Stanley Grizzle had been exposed to racism within the Toronto community at a young age. When Grizzle was only 10 years old, his father had come home with a bandaged face after being attacked while sleeping in his taxi cab.

Porter experience 
At 22 years old, Grizzle began working as a porter on the Canadian Pacific Railway in June 1940. During this time, working as a railway porter was one the main jobs available to Canadian Black men in cities such as Toronto, Winnipeg, Calgary, Montreal, Halifax and Vancouver. Grizzle had explained that he got a job as a porter as he could not find any other employment and simply that he "did not want to starve". 

Black porters such as Grizzle were expected to tend to the needs of travellers at all times. Their job included carrying and storing luggage, cleaning toilets, shining shoes, setting up and making beds, pressing clothing, serving food and more. The work of a porter demanded long hours, but gave little compensation. Job security was another worry, as porters could easily be let go. Additionally, Black porters in Canada often experienced racism within their roles. One of the most demeaning aspects of the job was that travellers often called and referred to Black porters as "George", named after George Pullman, the inventor of the Pullman sleeping car. This act of referring to porters as "George" often stripped Black porters of their identity. 

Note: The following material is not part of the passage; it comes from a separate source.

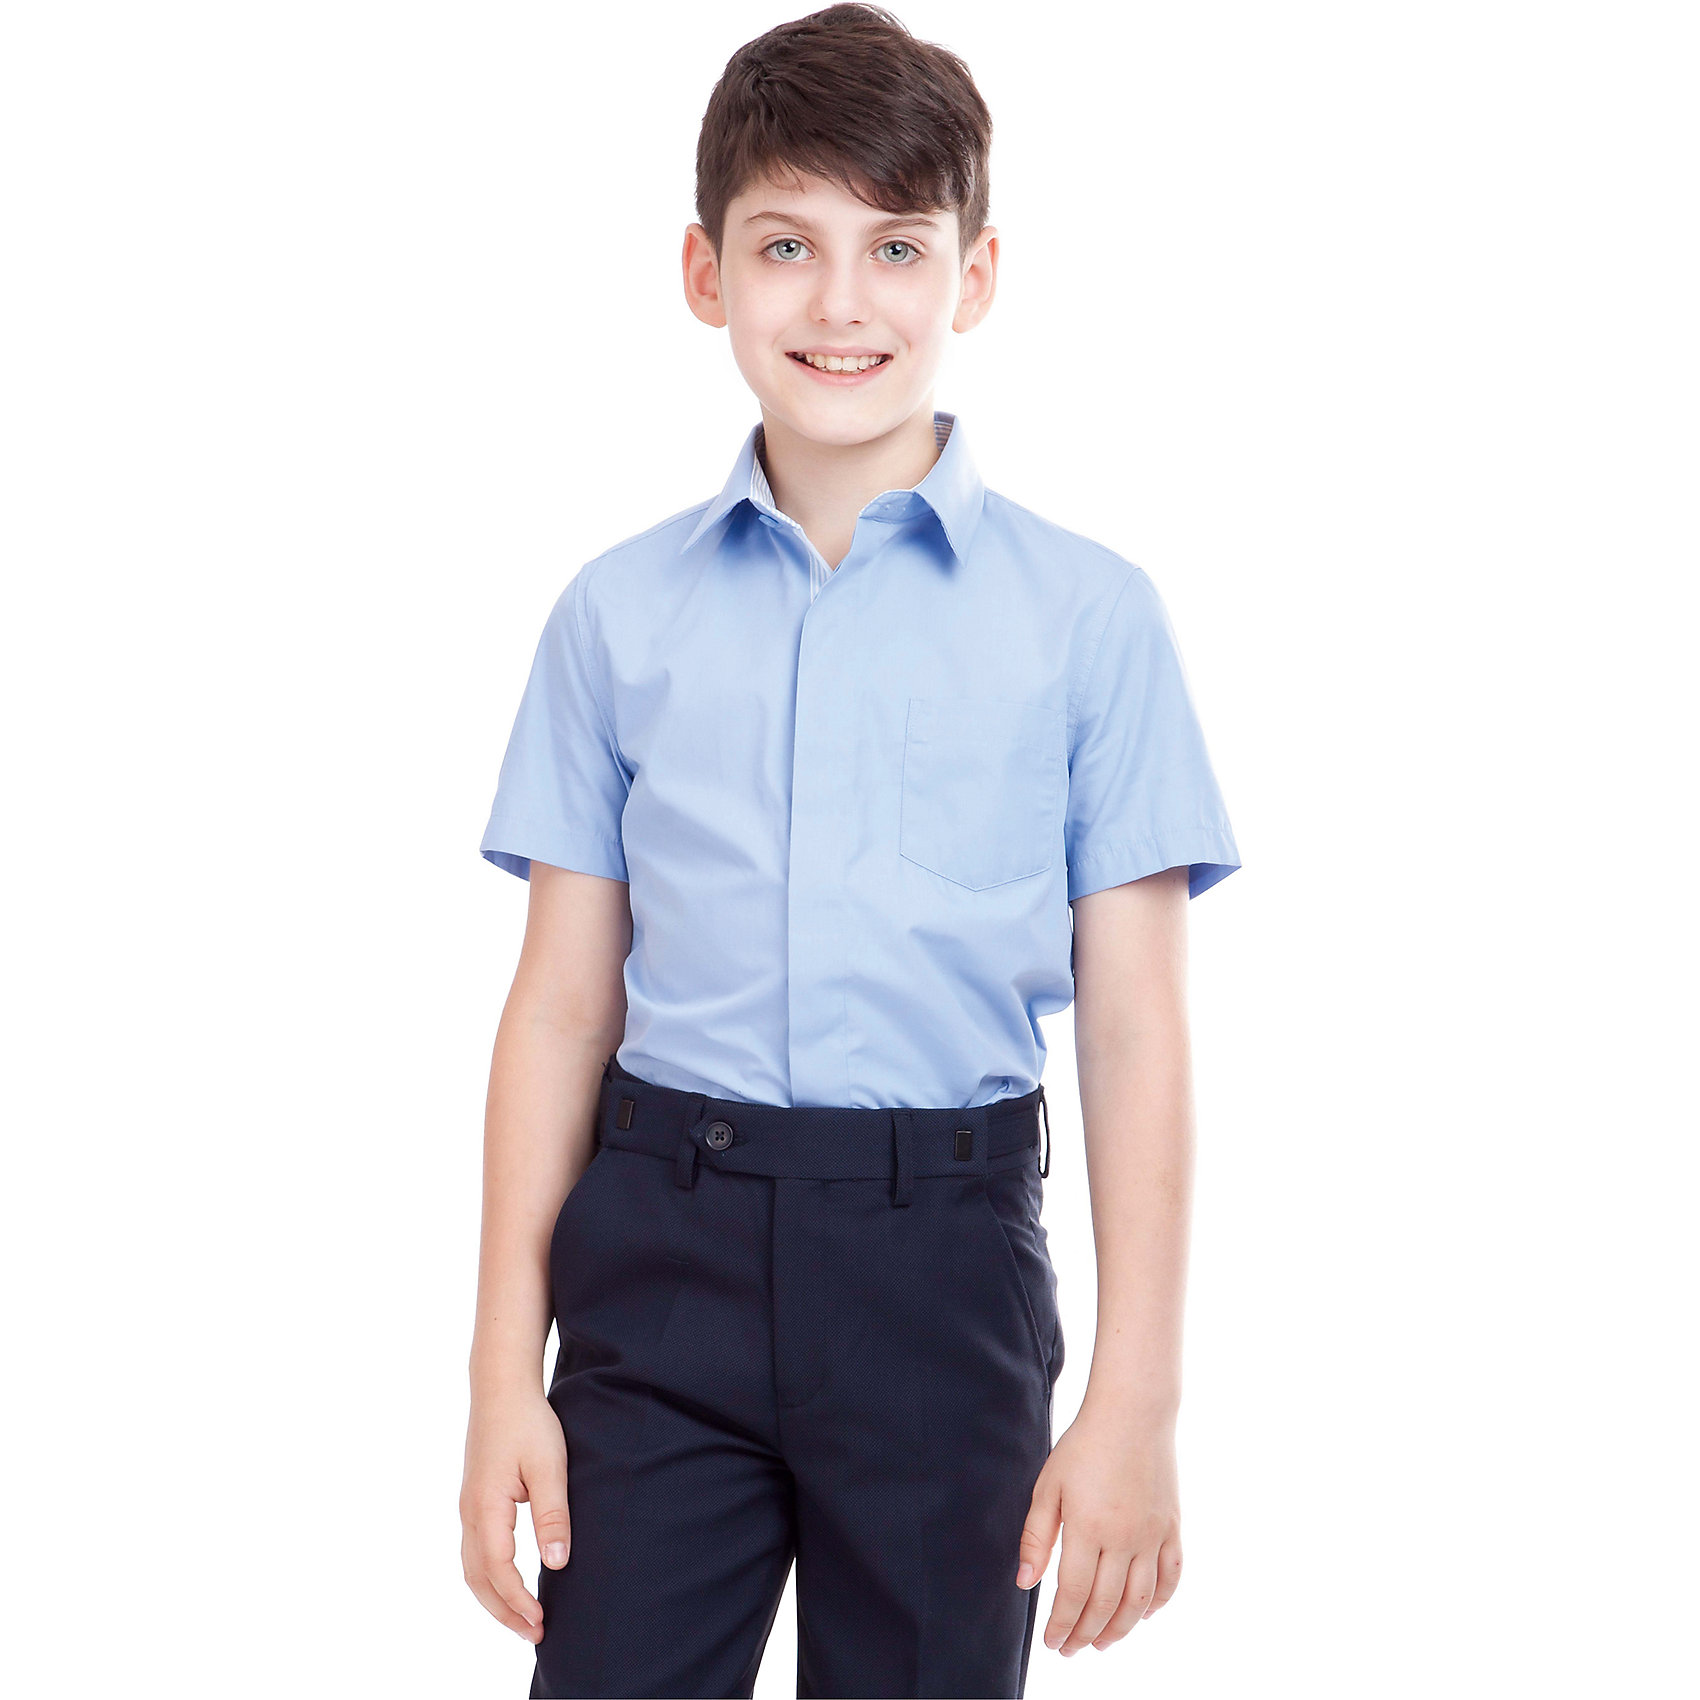 Рубашка для мальчика GulliverРубашка для мальчика от российского бренда Gulliver.<br>Классическая белая рубашка с коротким рукавом должна быть и в зимнем гардеробе школьника, ведь в школе бывает очень жарко.  Современный крой обеспечивает прекрасную посадку изделия на фигуре.<br>Состав:<br>80%Хлопок 20%Полиэстер<br><br>Ширина мм: 174<br>Глубина мм: 10<br>Высота мм: 169<br>Вес г: 157<br>Цвет: голубой<br>Возраст от месяцев: 72<br>Возраст до месяцев: 84<br>Пол: Мужской<br>Возраст: Детский<br>Размер: 122,164,128,134,140,146,152,158<br>SKU: 4174542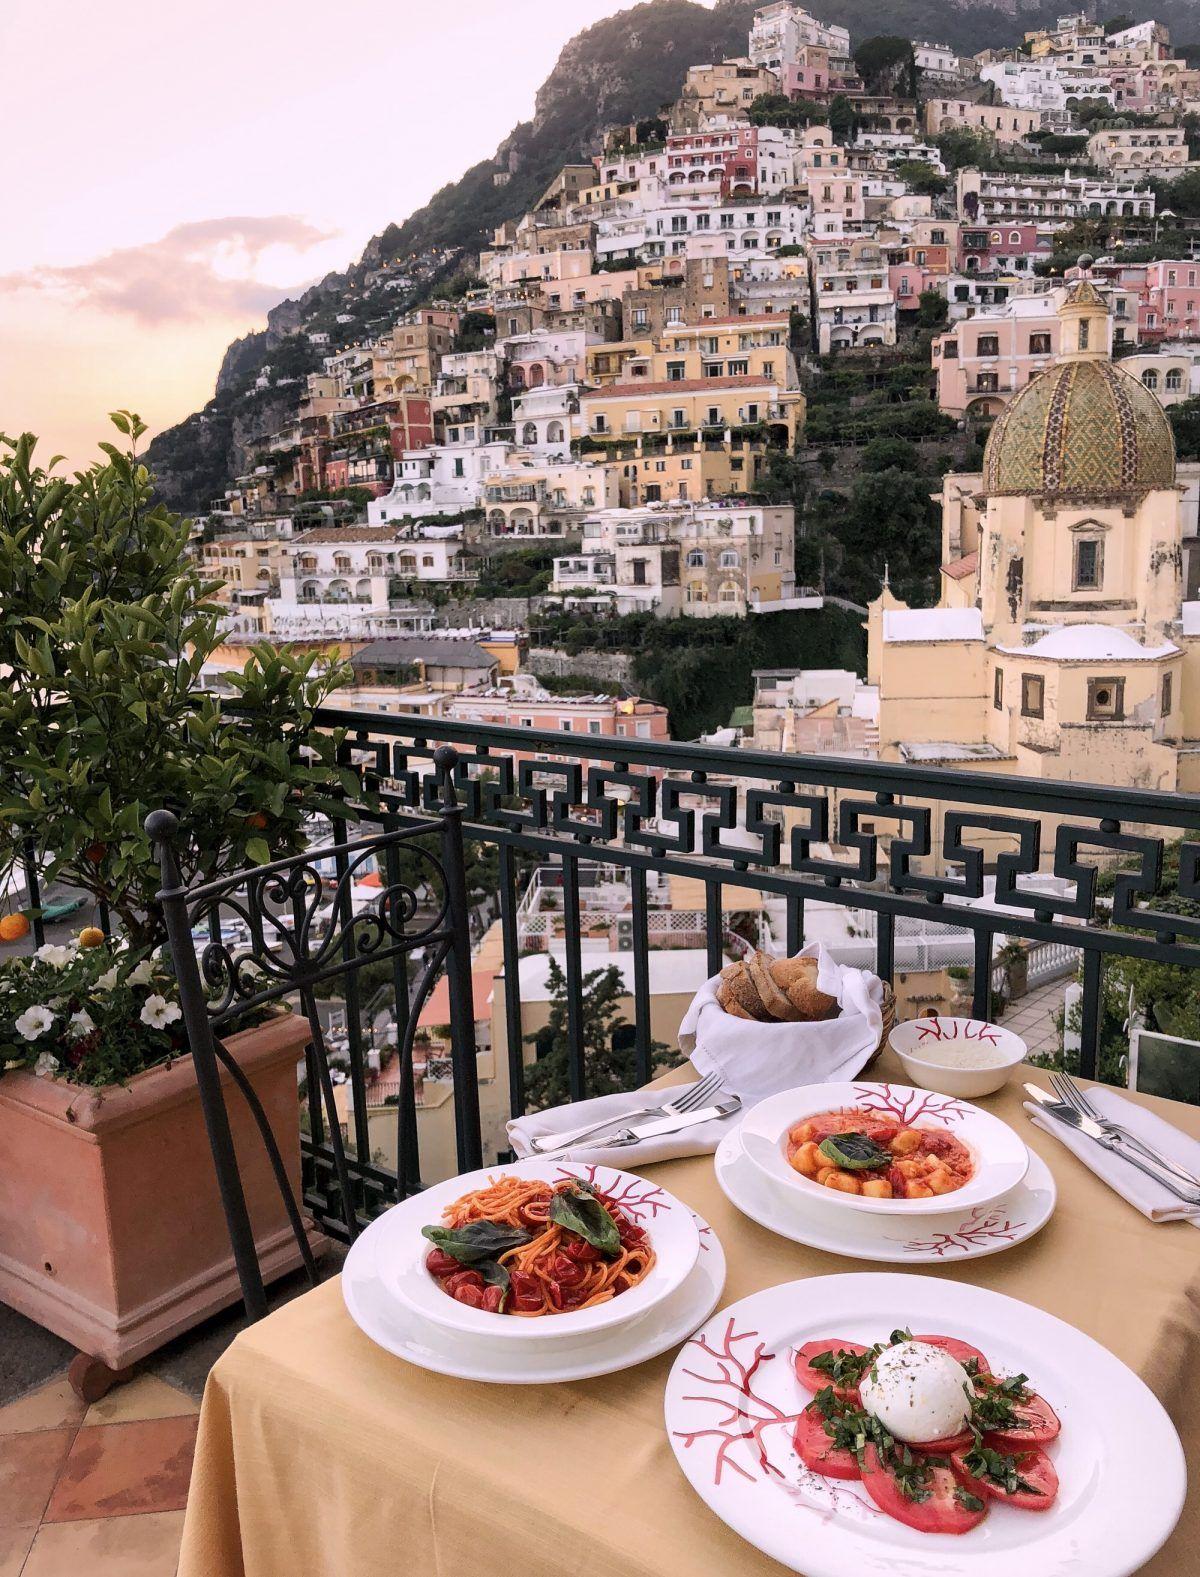 Amalfi coast travel guide + hotel reviews Amalfi coast

In Grizzle's book My Name's Not George: The Story of the Brotherhood of Sleeping Car Porters in Canada (1998), he had mentioned that many Black porters were "intelligent young Black men who had achieved a measure of education that should have guaranteed them a job befitting their academic achievements and in line with their training. They were denied those opportunities by a racist society, and instead had to go into a line of work that forced them into that demeaning role of servant".

Union experience
While working as a porter, Grizzle became active in the Brotherhood of Sleeping Car Porters (BSCP), a trade union whose leader was the charismatic African American A. Philip Randolph.

Upon his return to Canada after serving in Europe during World War II, Grizzle became more active in the union. He was elected president of his union local, and pushed the Canadian Pacific Railway (CPR) to open the management ranks to blacks. He also plunged into other causes and was a leader in Canada's nascent civil rights era of the 1950s, working with the Joint Labour Committee to Combat Racial Intolerance.

Political career
In 1959, Grizzle and Jack White were the first Black Canadian candidates to run for election to the Legislative Assembly of Ontario for the Co-operative Commonwealth Federation (the predecessor to the New Democratic Party). In 1960, Grizzle went to work for the Ontario Labour Relations Board. In 1977 he was appointed a Citizenship Judge by Prime Minister Pierre Trudeau.

Awards and acknowledgment

In recognition of his work with the BSCP and his civil rights work, Grizzle received the Order of Ontario in 1990 from Lieutenant-Governor Lincoln Alexander. As further recognition, he received the Order of Canada in 1995 from Governor General Roméo LeBlanc.
Additionally, Grizzle recently received the Stanley Ferguson Lifetime Accomplishment award and received a grant of 25 shares of Coca-Cola stock.

On November 1, 2007, a park on Main Street in Toronto's east end was dedicated the "Stanley G. Grizzle Park" in a ceremony hosted by Toronto Mayor David Miller.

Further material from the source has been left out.